From the north of the Bourgogne region to the south, depending on the characteristics of the vintage, vinification of red wines can vary greatly. For example, some winegrowers destalk their grapes, while others vinify in whole bunches. The varietal plays a key role, too. Pinot Noir, which is particularly delicate, requires a more careful approach than any other grape.
Vinification of red wine starts with alcoholic fermentation, a process during which the grape juice turns into wine. Unlike with white wines which are pressed on arrival in the winery, grapes for red wines, either crushed or in whole bunches, are placed in vats to macerate. The juice is clear to start with and requires contact with the skins and pips to bring color and tannins to the wine. During this maceration process, the alcoholic fermentation begins, either naturally or sometimes triggered with the addition of yeasts.
Each day, the cap of skin and pips is broken up and pushed down into the juice to help the development of color and tannins. The process is known as pigeage and used to be done with the feet. Nowadays, a special tool is used to protect the raw material.
When fermentation is complete, the wine is pressed and then placed in vats or barrels for ageing.

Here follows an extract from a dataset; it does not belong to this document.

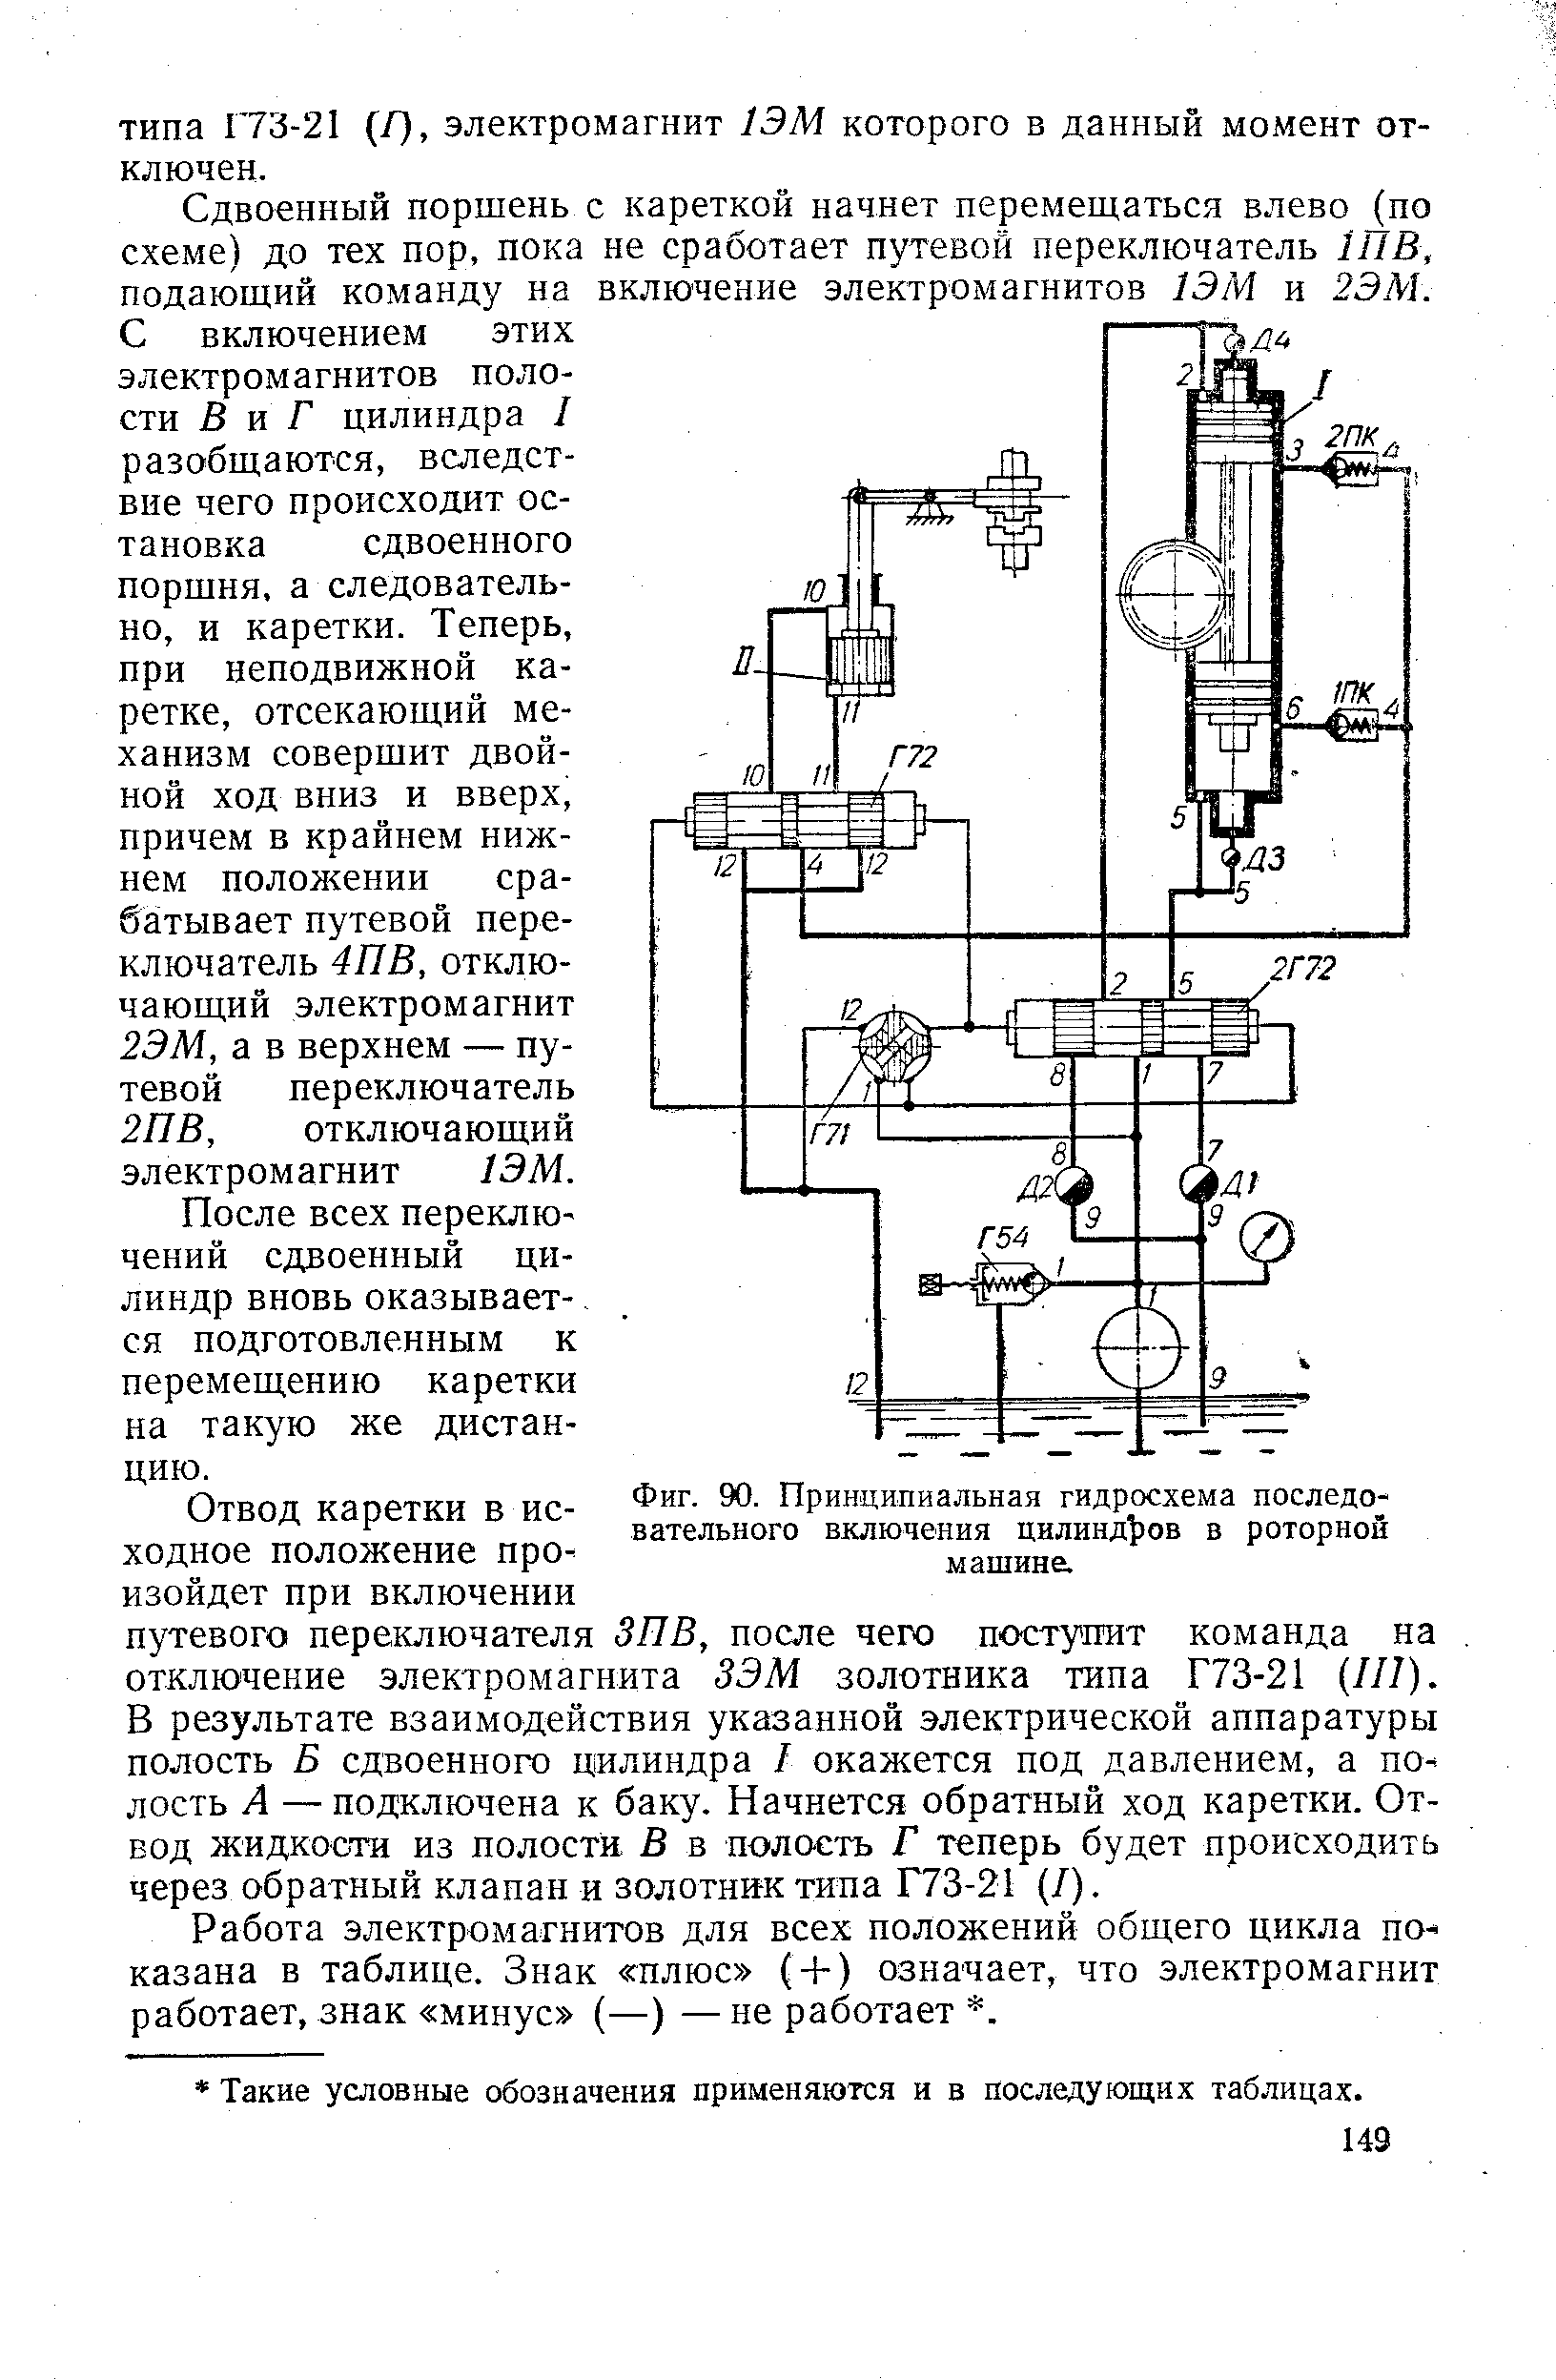 Фиг. 90. Принципиальная гидросхема последовательного включения цилиндров в роторной машине.

During the ageing process, the red wines undergo a second malolactic fermentation, during which the malic acid in the wine turns to lactic acid, making the wines smoother.
Removing grapes berries from the stems (optional). Grape crushing and release of the juice.
Vatting the juice and the solids (skin, seeds) for the maceration process.
The “cap” (consisting of solids) is punched down into the must (juice). The must is pumped over to the top of the tank, wetting the “cap.”
Transformation of sugars from the must into alcohol, and aroma release by yeast fermentation (Saccharomyces cerevisiae).
The wine is devatted (free run juice) and transferred to tanks or barrels by gravity. The pomace is collected for pressing.
An inflated bladder presses the pomace and the juice still present is recovered: resulting in press wine.
Traditionally, free-run juice and press wine are assembled before maturing. The wine is cloudy. The heaviest particles deposit at the bottom of the tank. The “clear” wine is placed in barrels and the must deposit is removed.
Microorganisms (lactic acid bacteria) transform malic acid into lactic acid.
The “clear” wine is racked, i.e. moved from one container to another (tank or barrel), the lees (deposit at the bottom of the tank or barrel) are removed.
The wine remains fragile, sulphur is added to protect it.
The wine is kept in casks (228 litres barrels) for several months. Exchanges with and through the wood take place.
The wine is racked into a tank and its sulphur level is adjusted if necessary.
Wine produced from the same plot or several plots in the same appellation, is blended.
Add if necessary protein (such as egg whites), mineral, or synthetic fining agents which draw down suspended particles towards the bottom of the tank.
Wine is sometimes filtered to make it limpid and bright. It is then transferred into a tank to be bottled using a bottling machine and corked with a corking machine.